▶ **Work request**
Return only that part of the material below which starts with the line containing "A South Indian" and goes on through the line containing "Book Review: Pliable", restated exactly.

▶ **Extracted entries**

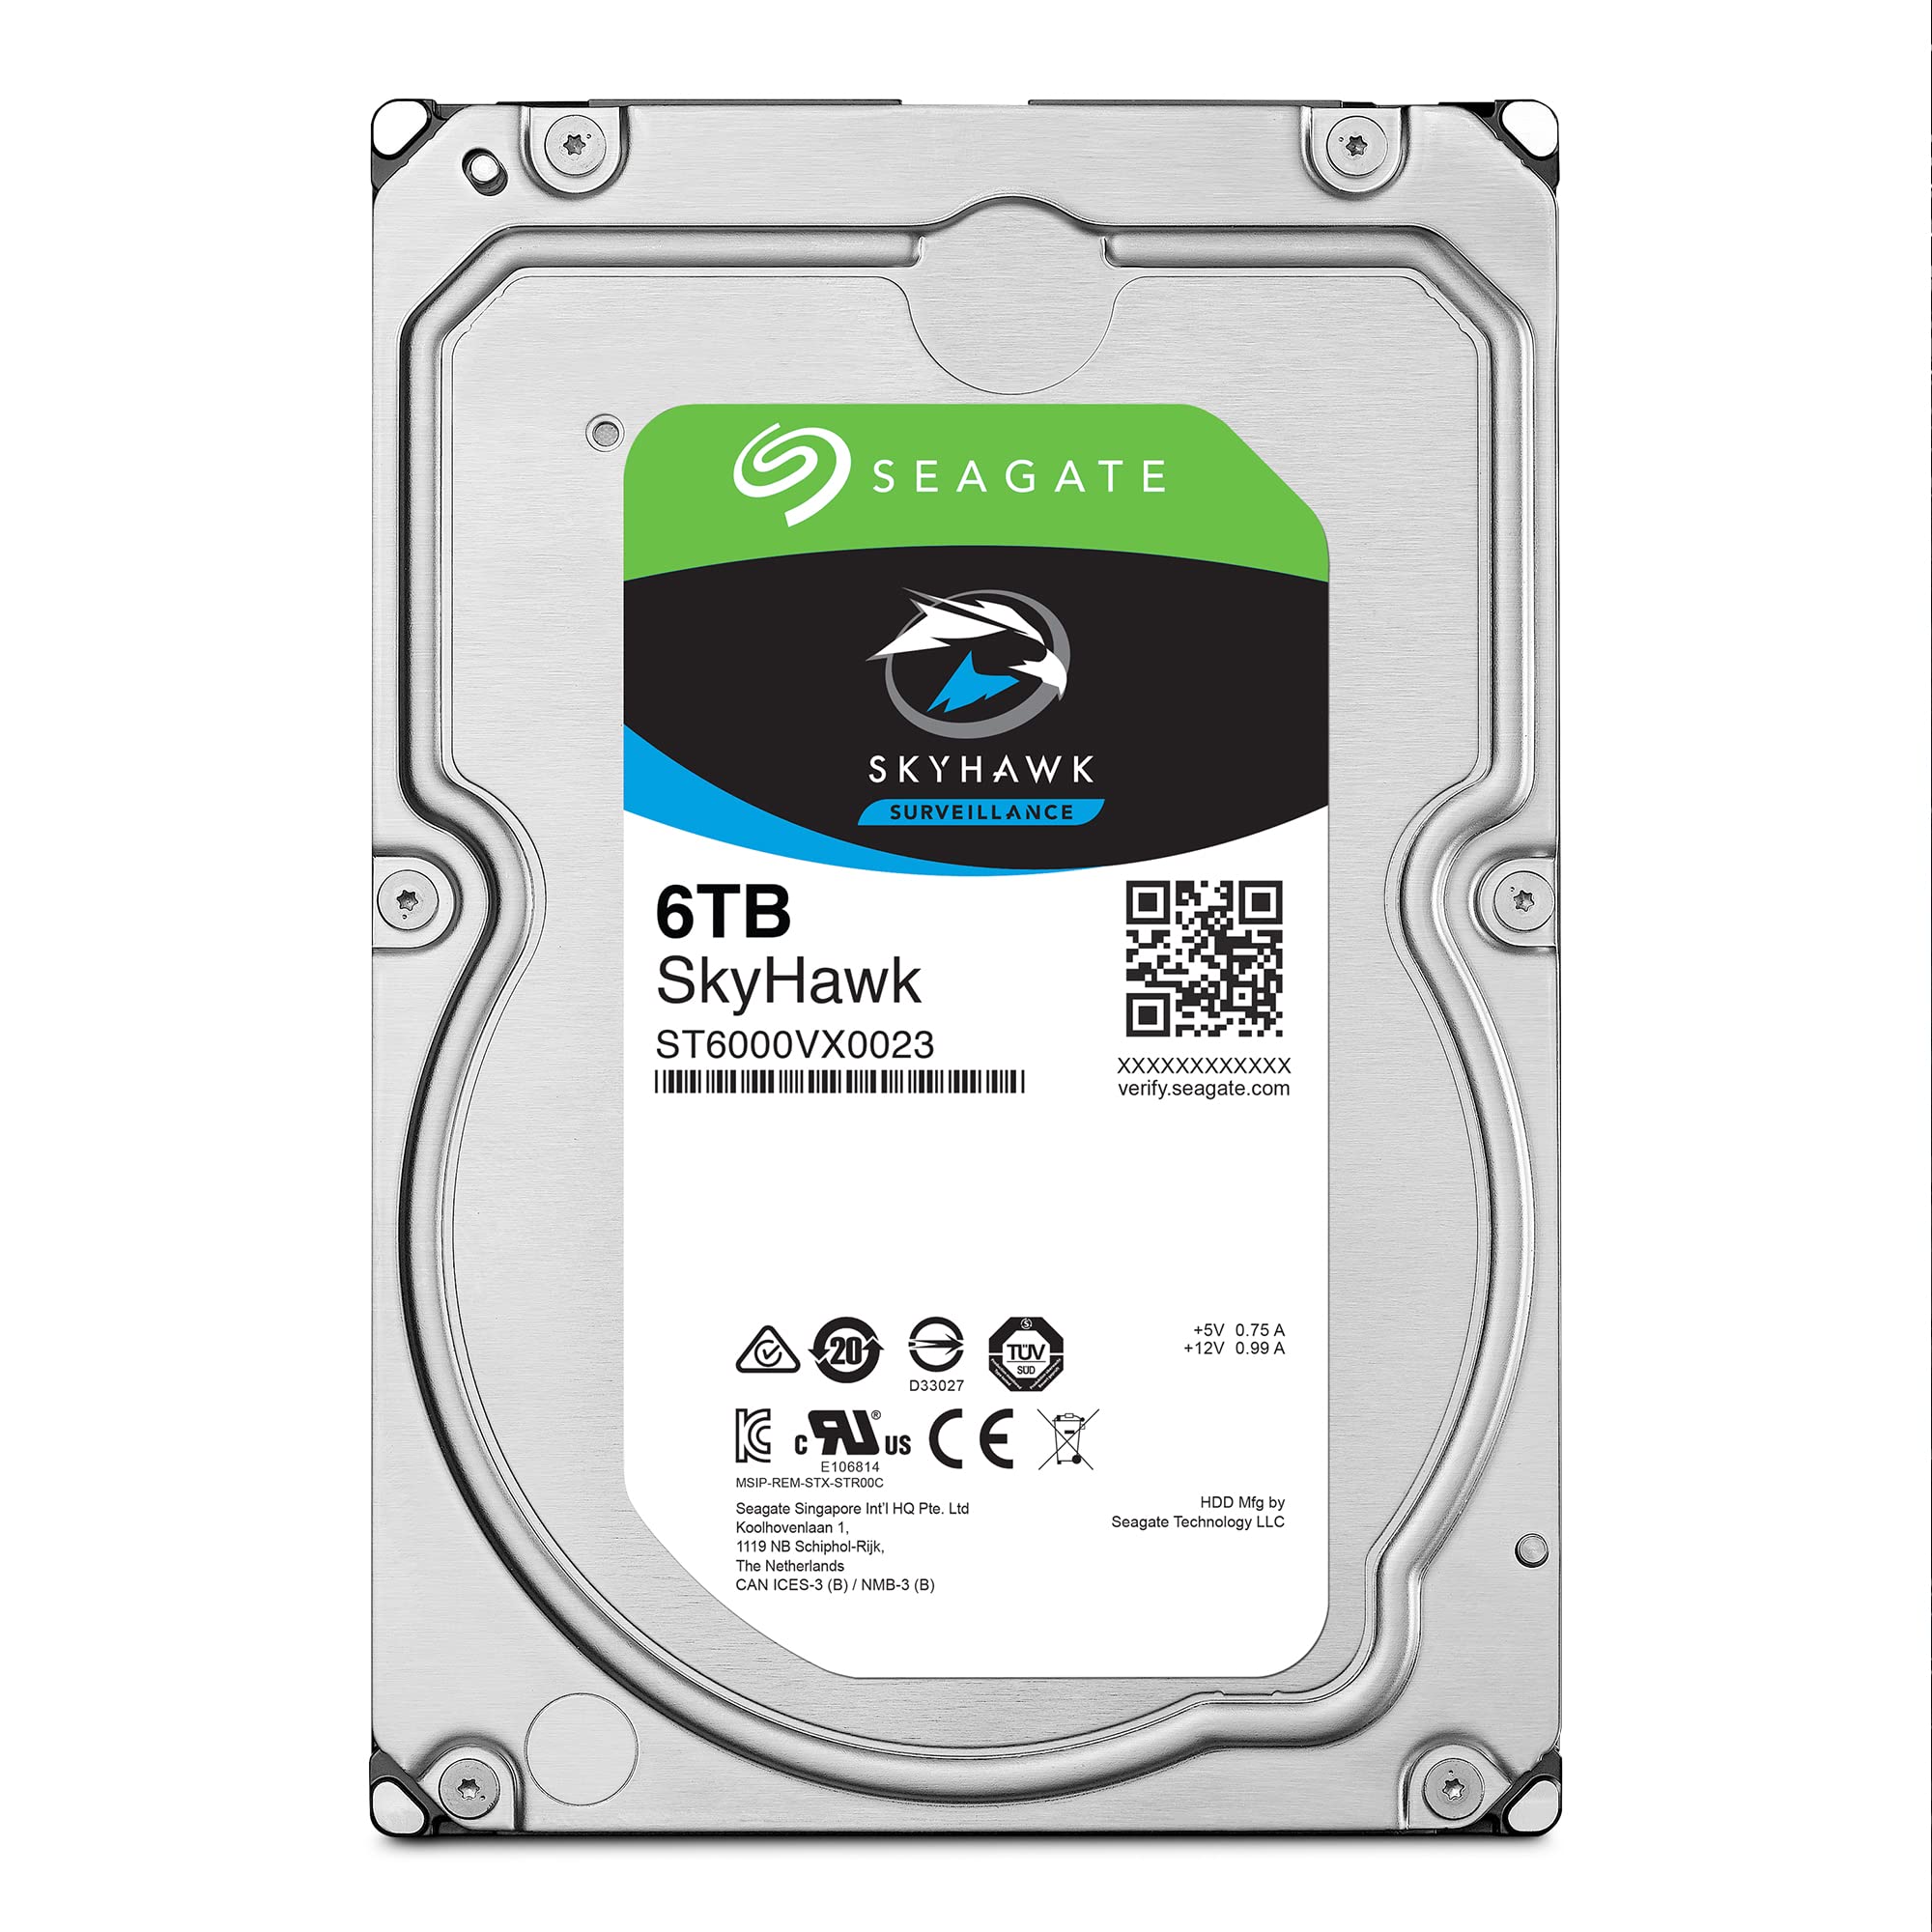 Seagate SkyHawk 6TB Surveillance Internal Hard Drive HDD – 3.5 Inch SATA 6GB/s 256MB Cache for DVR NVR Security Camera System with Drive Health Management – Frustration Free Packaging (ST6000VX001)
...
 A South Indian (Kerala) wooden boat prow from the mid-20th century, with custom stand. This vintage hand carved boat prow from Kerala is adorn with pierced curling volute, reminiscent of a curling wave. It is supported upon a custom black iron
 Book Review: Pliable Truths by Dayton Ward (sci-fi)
==
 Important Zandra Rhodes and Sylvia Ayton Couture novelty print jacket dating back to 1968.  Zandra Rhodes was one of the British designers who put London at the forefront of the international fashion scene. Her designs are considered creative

▶ **Task result**
 A South Indian (Kerala) wooden boat prow from the mid-20th century, with custom stand. This vintage hand carved boat prow from Kerala is adorn with pierced curling volute, reminiscent of a curling wave. It is supported upon a custom black iron
 Book Review: Pliable Truths by Dayton Ward (sci-fi)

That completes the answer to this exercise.